- _To do_: Only one span of the material below is wanted. Output it exactly, from the line with "banner-utepleniye-fasadov" through the line with "Kirby Super Star Ultra", without any pictures.

- _Data extracts_:
● ● ● ● ●

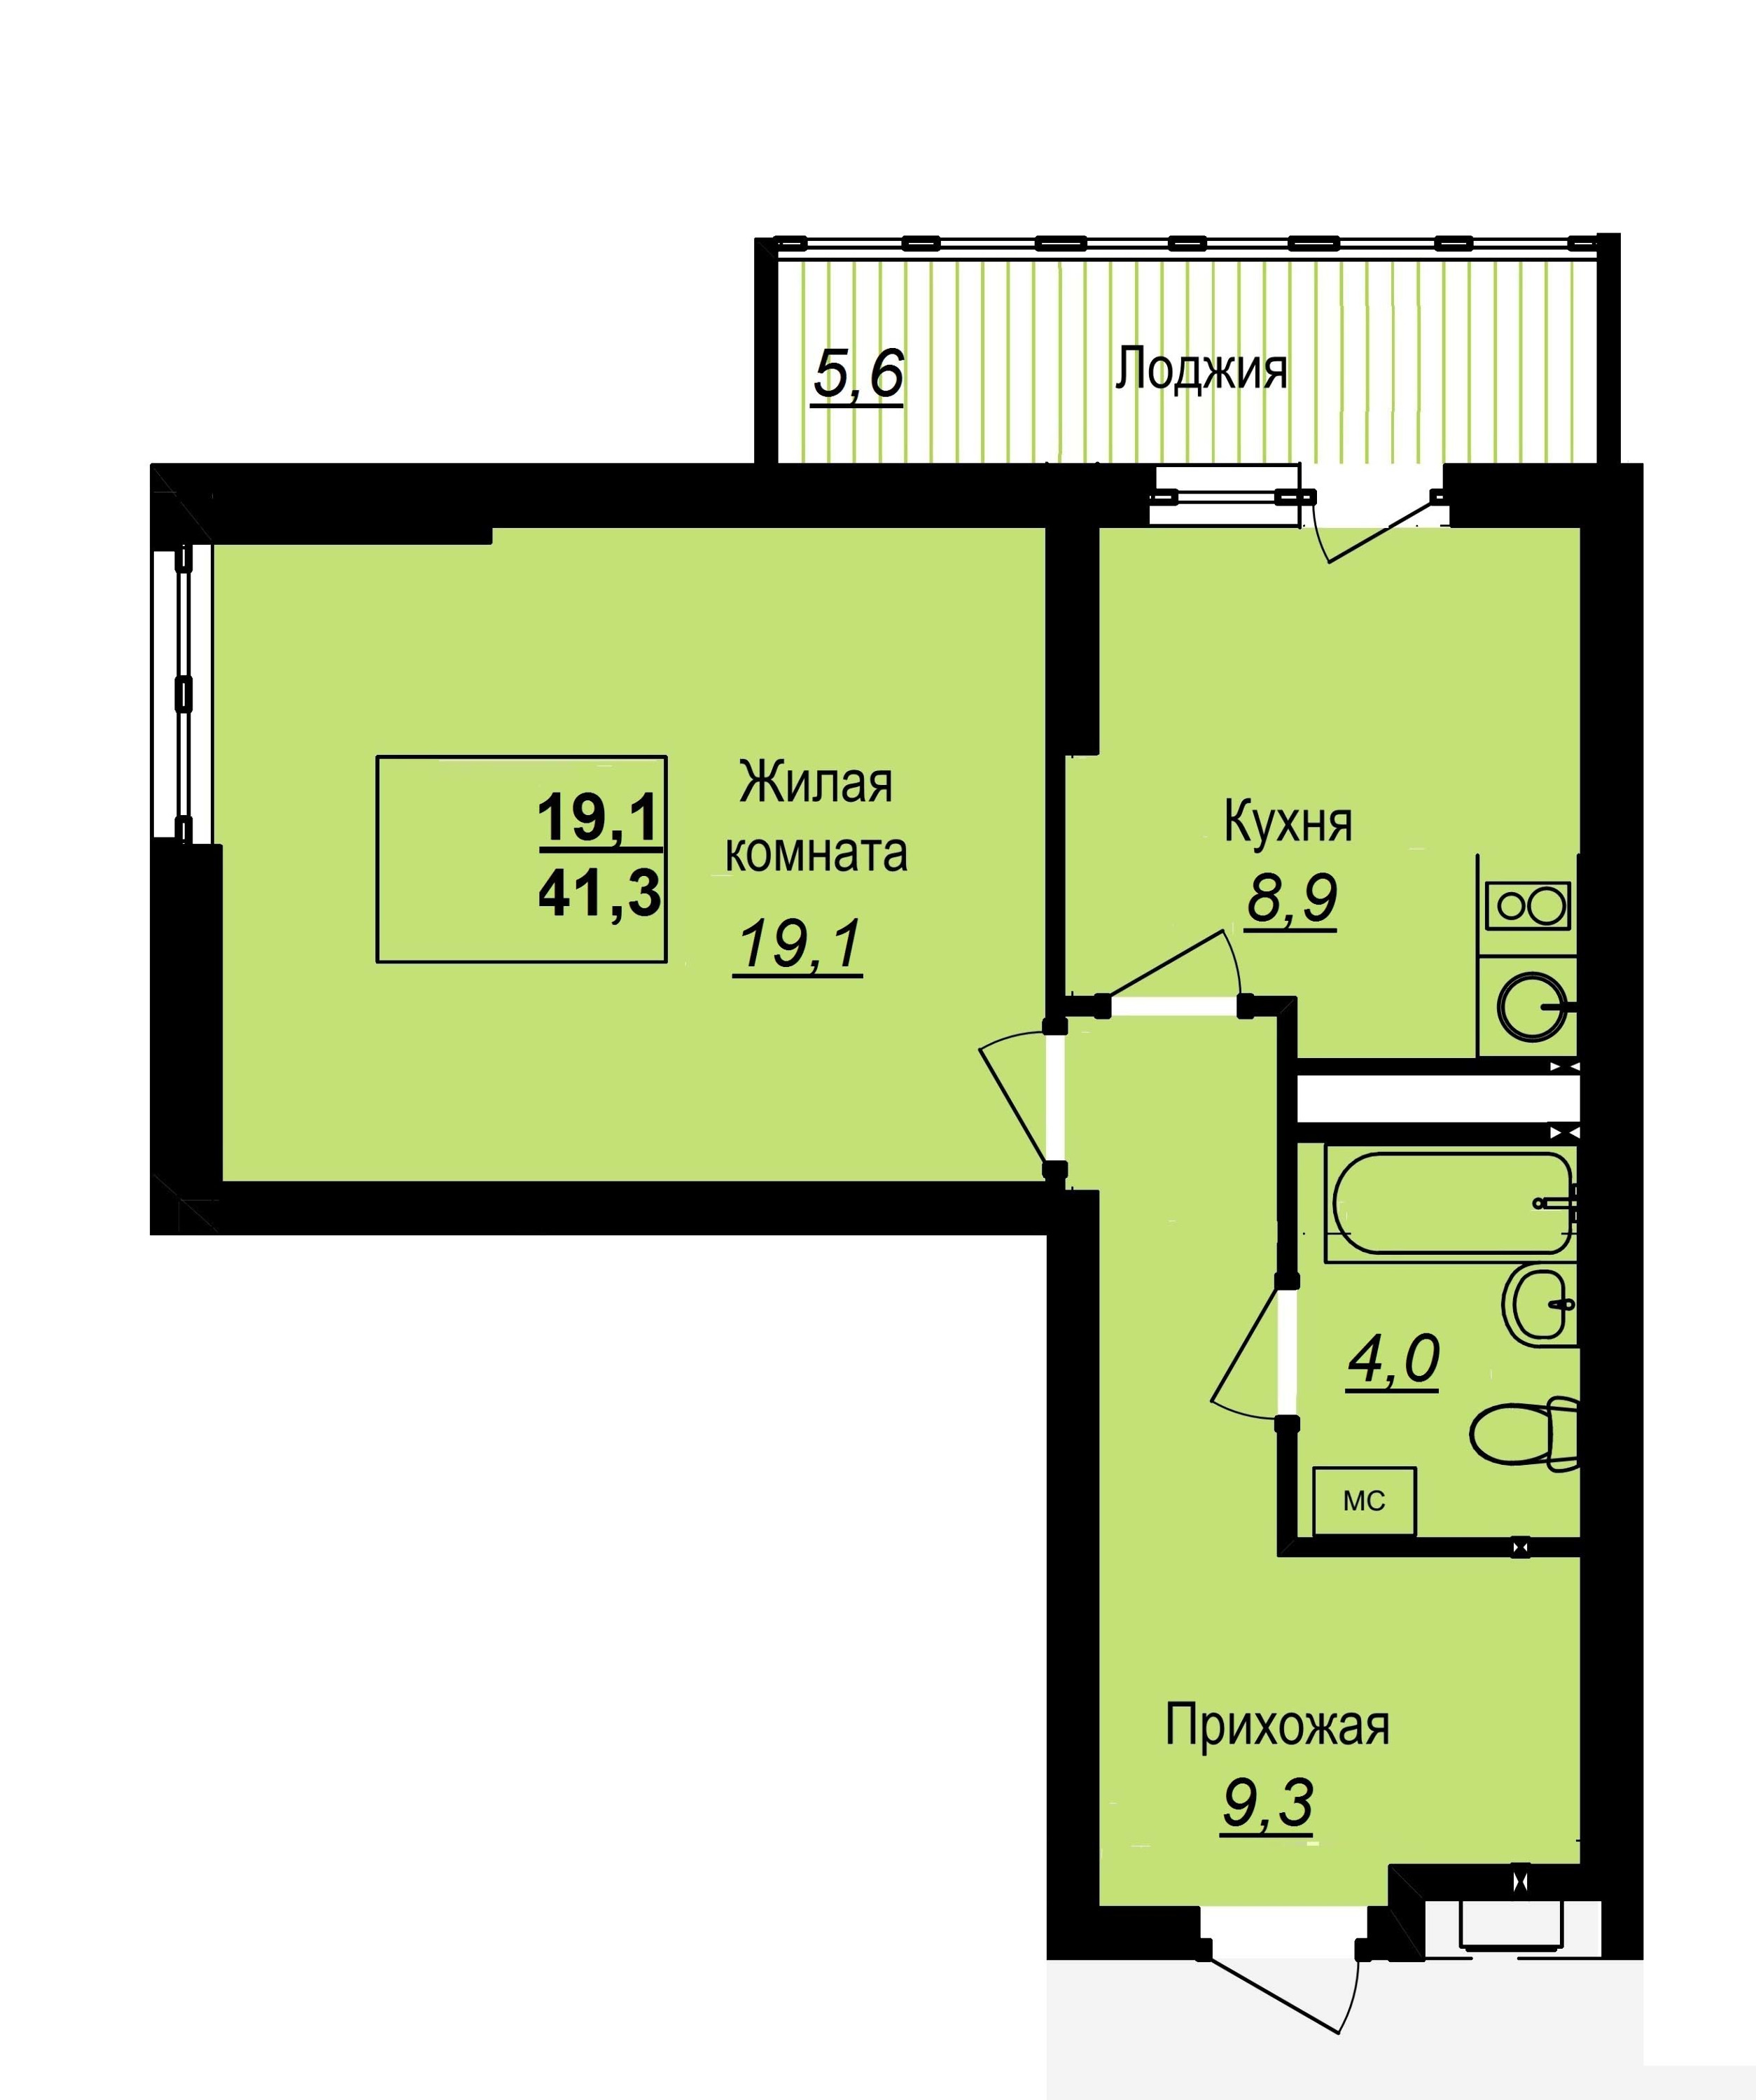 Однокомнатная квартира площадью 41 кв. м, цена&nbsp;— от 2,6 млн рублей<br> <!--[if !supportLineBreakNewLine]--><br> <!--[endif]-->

● ● ● ● ●

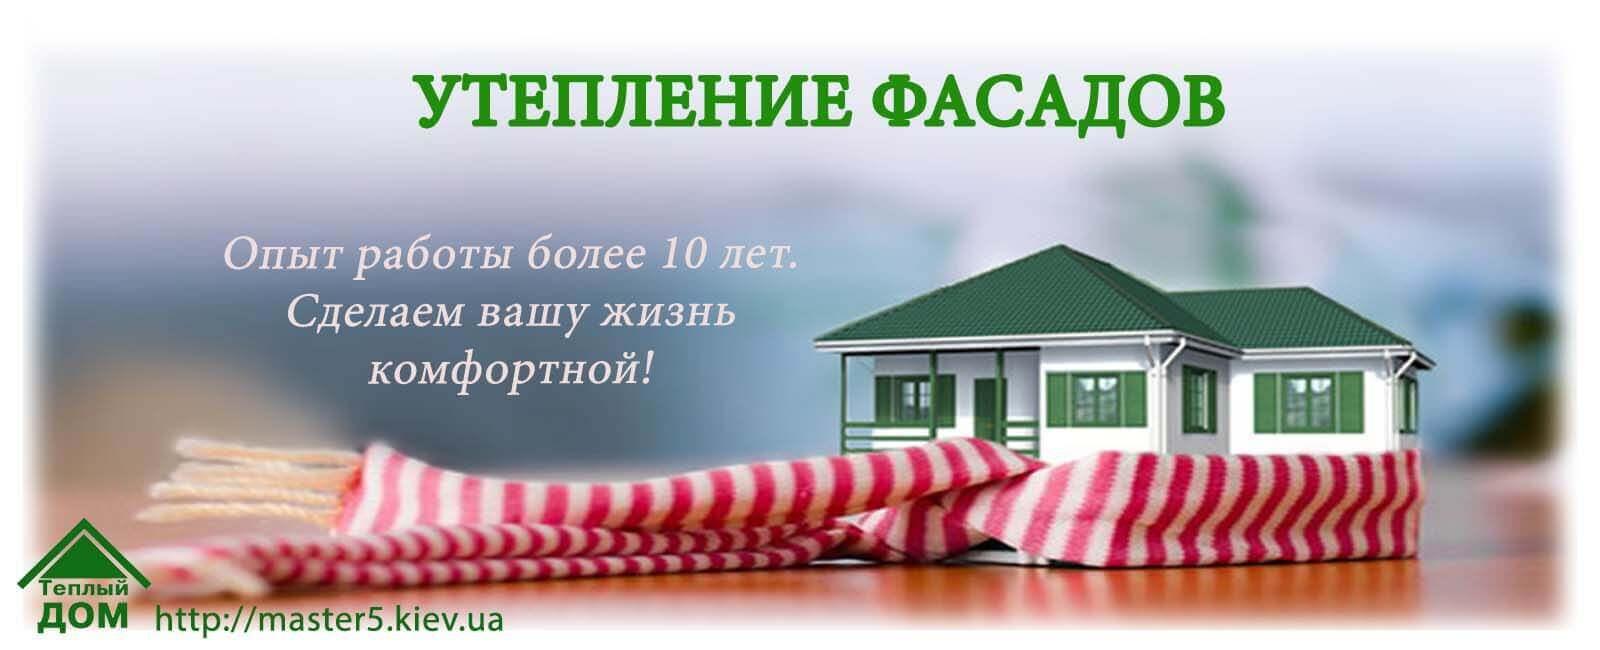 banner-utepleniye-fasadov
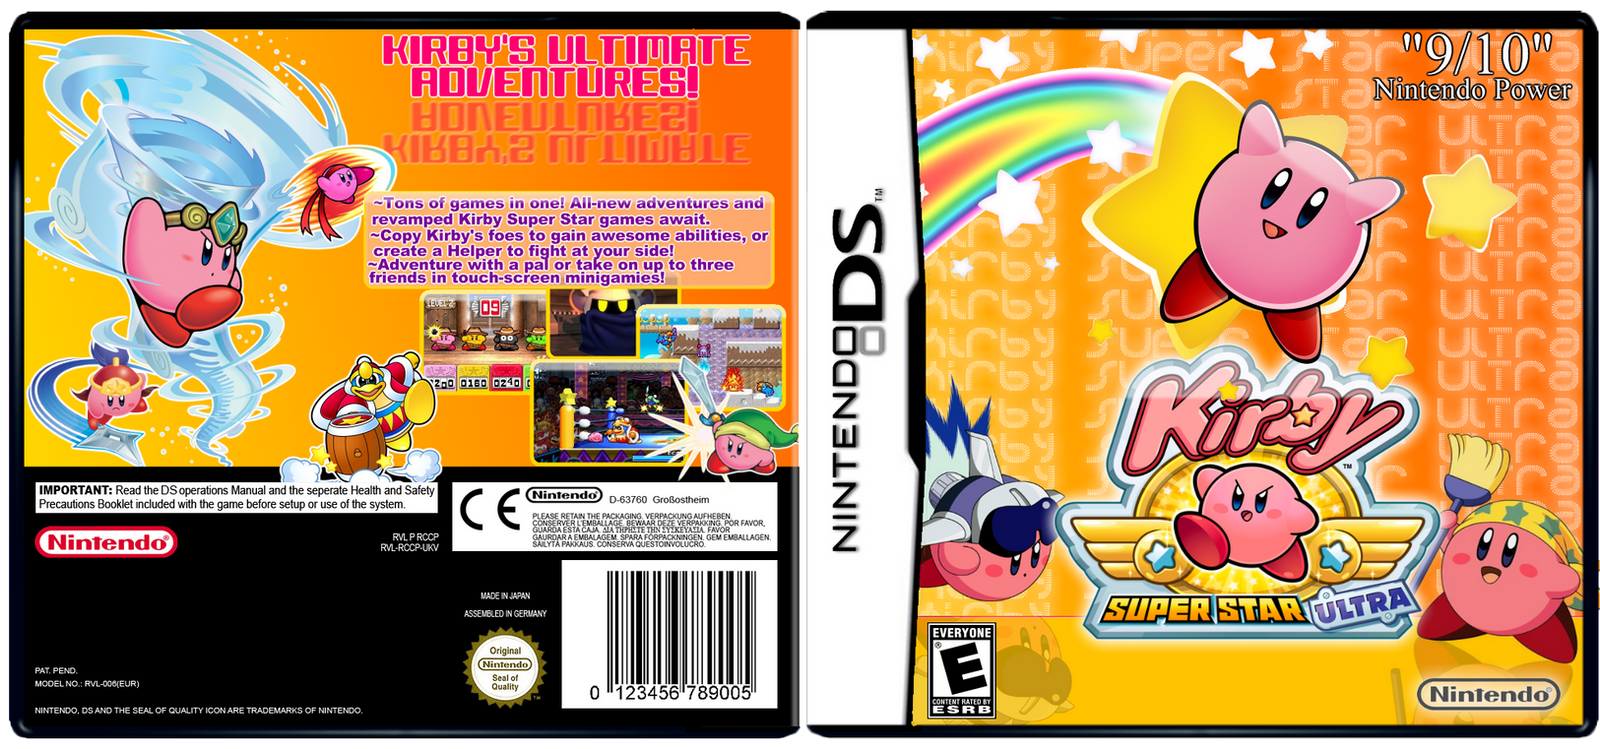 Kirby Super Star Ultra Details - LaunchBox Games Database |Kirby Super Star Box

● ● ● ● ●

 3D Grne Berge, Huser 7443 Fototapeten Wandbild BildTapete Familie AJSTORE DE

● ● ● ● ●

- _Exercise solution_:
 banner-utepleniye-fasadov
 Kirby Super Star Ultra Details - LaunchBox Games Database |Kirby Super Star Box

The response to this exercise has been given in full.